Benedictus L, Otten HG, van Schaik G, van Ginkel WG, Heuven HC, Nielen M, Rutten VP, Koets AP - Vet. Res. (2014)

Bottom Line: We found that the development of BNP within calves was a heritable trait for dams, not for calves and had a high heritability of 19%.Using a novel sequence based MHC class I typing method, we found no association of BNP with MHC class I haplotype distribution in dams or calves.Alloantibodies were detected in both vaccinated BNP and non-BNP dams and we found no differences in alloantibody characteristics between these groups, but alloantibody levels were significantly higher in BNP dams.

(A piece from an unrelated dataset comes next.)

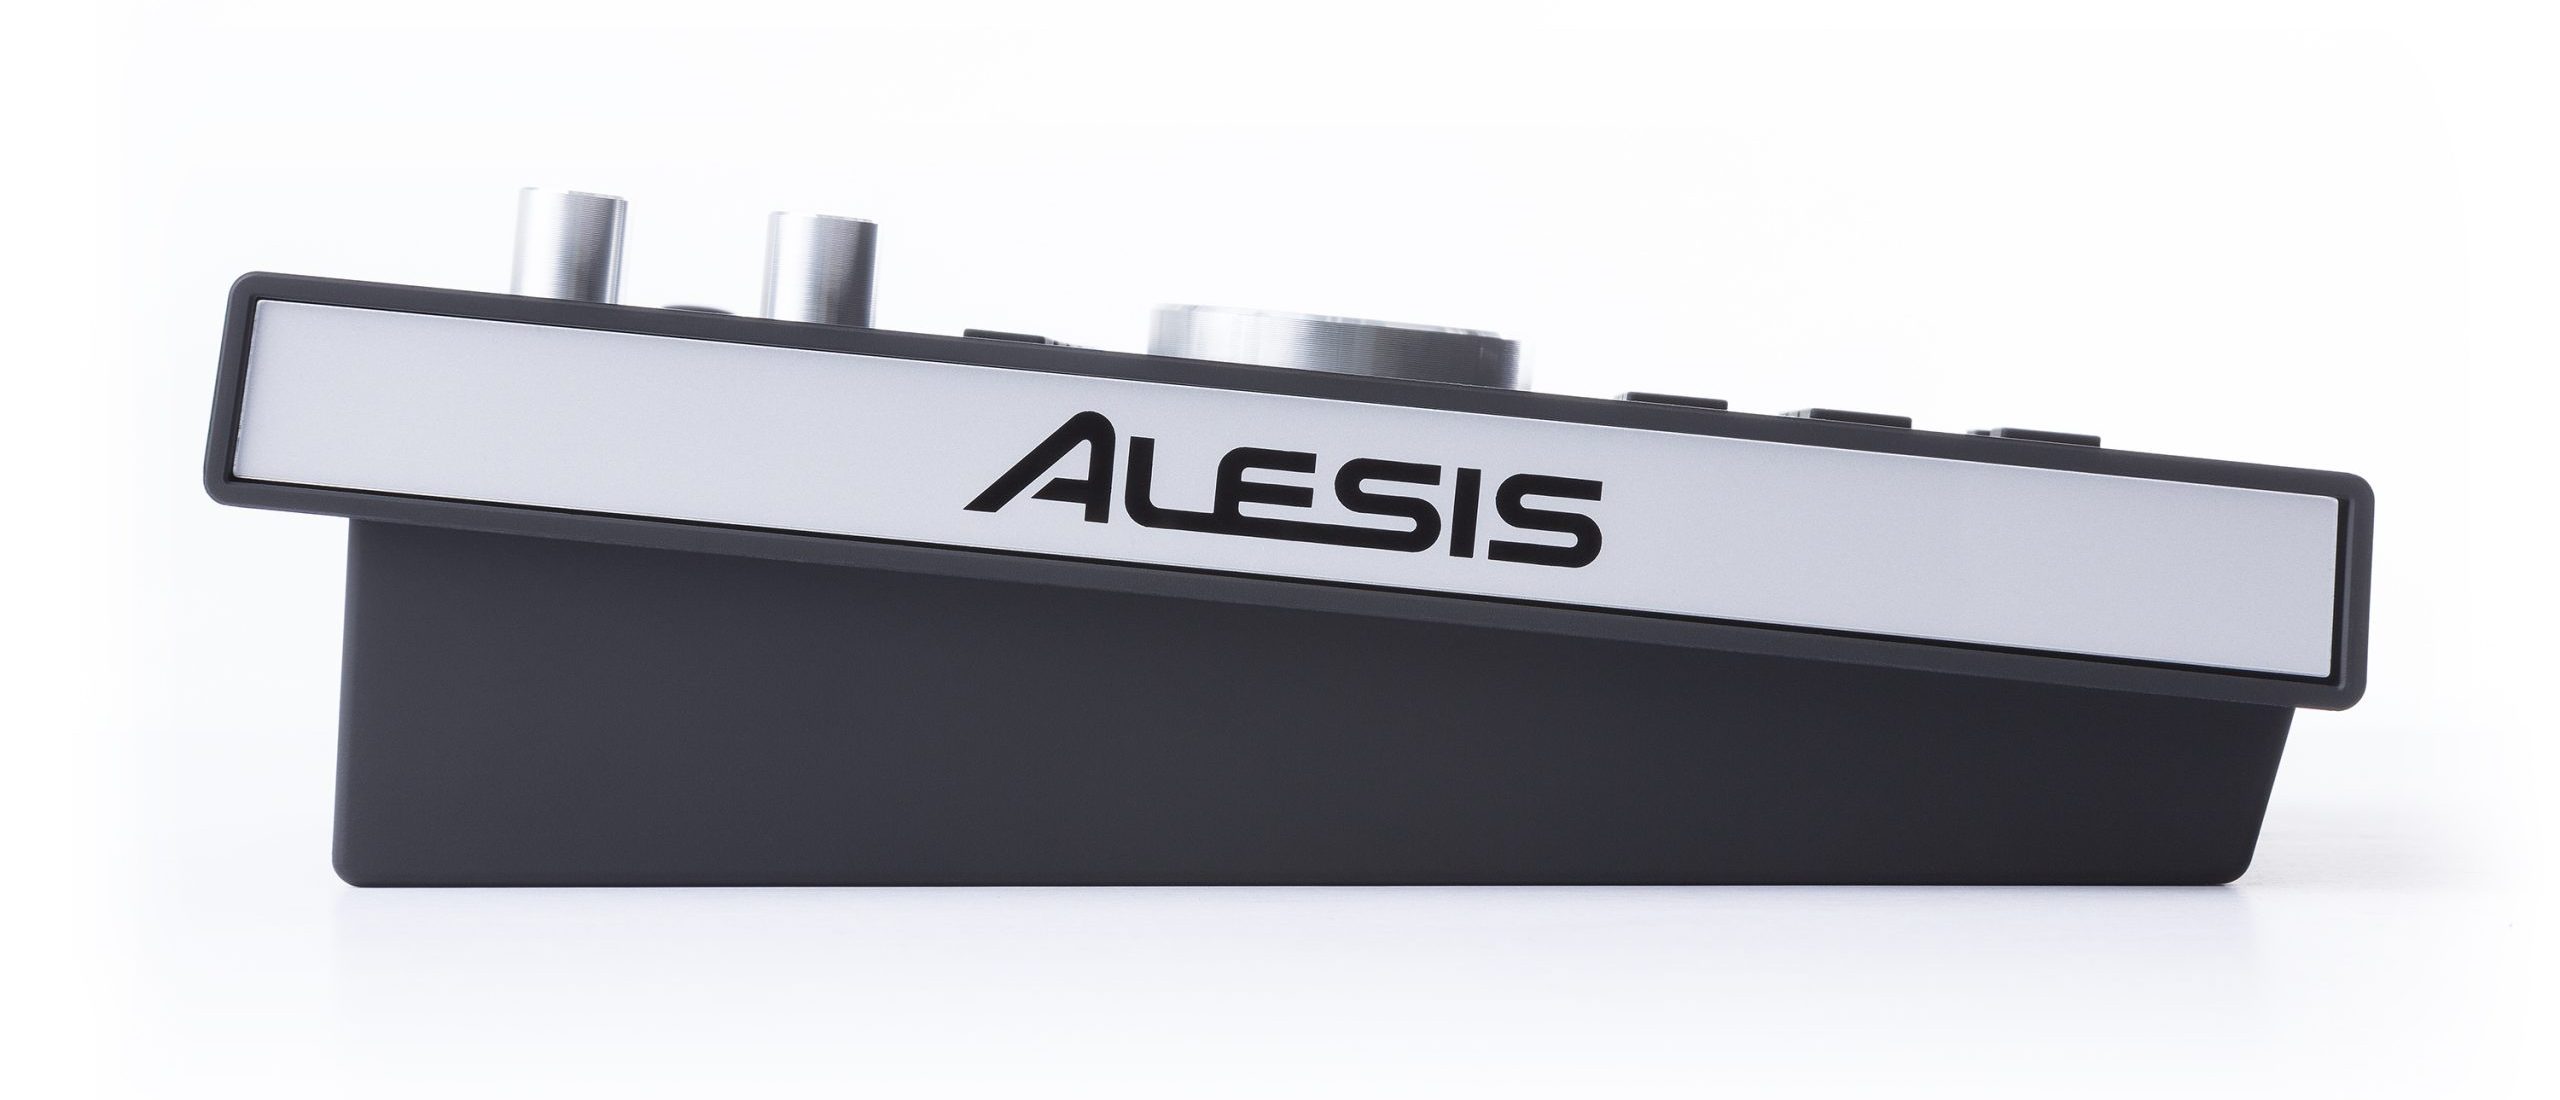 Alesis Command Advanced Drum Module

View Article: PubMed Central - PubMed

Affiliation: Department of Infectious Diseases and Immunology, Faculty of Veterinary Medicine, Utrecht University, Utrecht, The Netherlands. l.benedictus1@uu.nl.

ABSTRACT
Bovine Neonatal Pancytopenia (BNP), a bleeding syndrome of neonatal calves, is caused by alloantibodies absorbed from the colostrum of particular cows. A commercial BVD vaccine is the likely source of alloantigens eliciting BNP associated alloantibodies. We hypothesized that the rare occurrence of BNP in calves born to vaccinated dams could be associated with genetic differences within dams and calves. We found that the development of BNP within calves was a heritable trait for dams, not for calves and had a high heritability of 19%. To elucidate which genes play a role in the development of BNP we sequenced candidate genes and characterized BNP alloantibodies. Alloantigens present in the vaccine have to be presented to the dam's immune system via MHC class II, however sequencing of DRB3 showed no differences in MHC class II haplotype between BNP and non-BNP dams. MHC class I, a highly polymorphic alloantigen, is an important target of BNP alloantibodies. Using a novel sequence based MHC class I typing method, we found no association of BNP with MHC class I haplotype distribution in dams or calves. Alloantibodies were detected in both vaccinated BNP and non-BNP dams and we found no differences in alloantibody characteristics between these groups, but alloantibody levels were significantly higher in BNP dams. We concluded that the development of BNP in calves is a heritable trait of the dam rather than the calf and genetic differences between BNP and non-BNP dams are likely due to genes controlling the quantitative alloantibody response following vaccination.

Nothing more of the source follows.